This is a short simulation to check the coverage, when used as predictive intervals, of the random forest confidence intervals introduced in the paper:
S. Wager, T. Hastie and B. Efron. Confidence Intervals for Random Forests: The Jackknife and the Infinitesimal Jackknife. Journal of Machine Learning Research, 15, pp 1625-1651 (2014)
The data is simulated from the process described in Section 4.3 of
J. Friedman. Multivariate Adaptive Regression Splines. Annals of Statistics. 19(1), pp 1-67 (1991)
There are six independent predictors $X_1,\dots,X_6$, each of them with $\text{U}[0,1]$ distribution, and an independent random variable $\epsilon$ having a $\text{N}(0,1)$ distribution. The response variable is defined as
$$
Y = 10 \sin (\pi X_1 X_2) + 20 (X_3 -1/2)^2 + 10 X_4 + 5 X_5 + \epsilon.
$$
friedman <- function(n, p = 6) {
X <- matrix(runif(n*p), nrow = n, ncol = p, dimnames = list(1:n, paste0("x_", 1:p)))
y <- 10*sin(pi*X[, 1]*X[, 2]) + 20*(X[, 3] - 0.5)^2 + 10*X[, 4] + 5*X[, 5] + rnorm(n)
data.frame(cbind(y, X))
}
We generate a training sample of size 1.000 and a test sample of size 100.000.
set.seed(42)
n <- 10^3
training <- friedman(n)
n_tst <- 10^5
test <- friedman(n_tst)
library(ranger)
rf <- ranger(y ~ ., data = training, num.trees = 10^3, keep.inbag = TRUE)

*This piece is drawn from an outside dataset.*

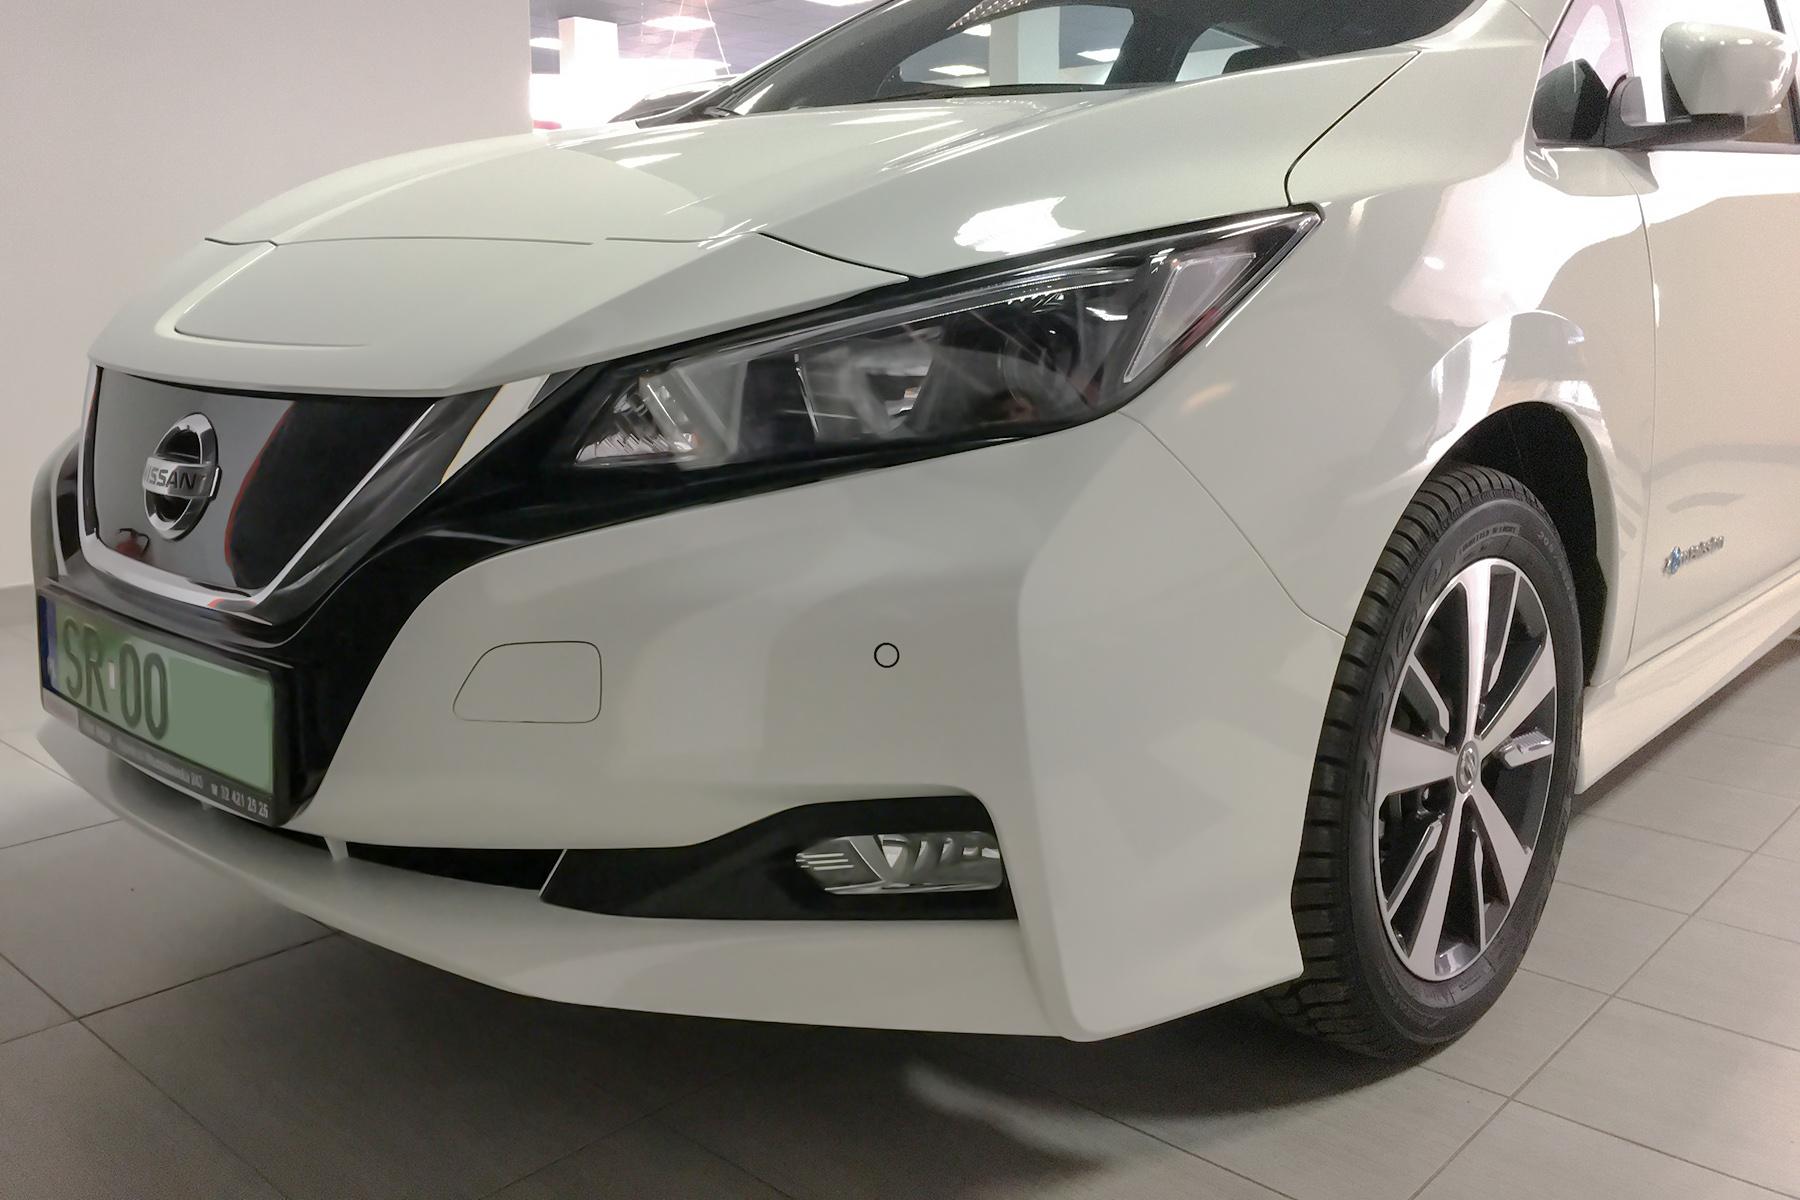 Nissan Leaf - zielone tablice

pred <- predict(rf, data = test, type = "se", se.method = "infjack")
y_hat <- pred$predictions
Lower <- y_hat - 1.96 * pred$se
Upper <- y_hat + 1.96 * pred$se
mean((Lower <= test$y) & (test$y <= Upper))
We set a nominal coverage of 95%, but the simulation results in a coverage of approximately 20.2%. The question is about the low effective predictive coverage obtained in this simulation.
Notes:
We're computing the $1-\alpha$ level confidence intervals as described in their footnote (page 3): $\hat{y}\pm z_\alpha \hat{\sigma}$.
As pointed by usεr11852 in the comments below, the effective coverage decreases as we increase the number of trees in the forest. Examples:
num.trees = 50 => effective coverage = 0.94855
num.trees = 100 => effective coverage = 0.76876
num.trees = 150 => effective coverage = 0.68959
num.trees = 200 => effective coverage = 0.56038
num.trees = 250 => effective coverage = 0.55393
num.trees = 300 => effective coverage = 0.32304
num.trees = 350 => effective coverage = 0.55413
num.trees = 400 => effective coverage = 0.26372
num.trees = 450 => effective coverage = 0.26232
num.trees = 500 => effective coverage = 0.23139
Best Answer
The way how the OP is written and the results are evaluated, this question appears to be confusing a prediction interval and a confidence interval.
The prediction interval gives an interval estimate of a random variable, while a confidence interval provides an interval estimate of a parameter. The difference between the two is conceptually as large as the difference between the standard deviation of a variable and the standard error of its mean.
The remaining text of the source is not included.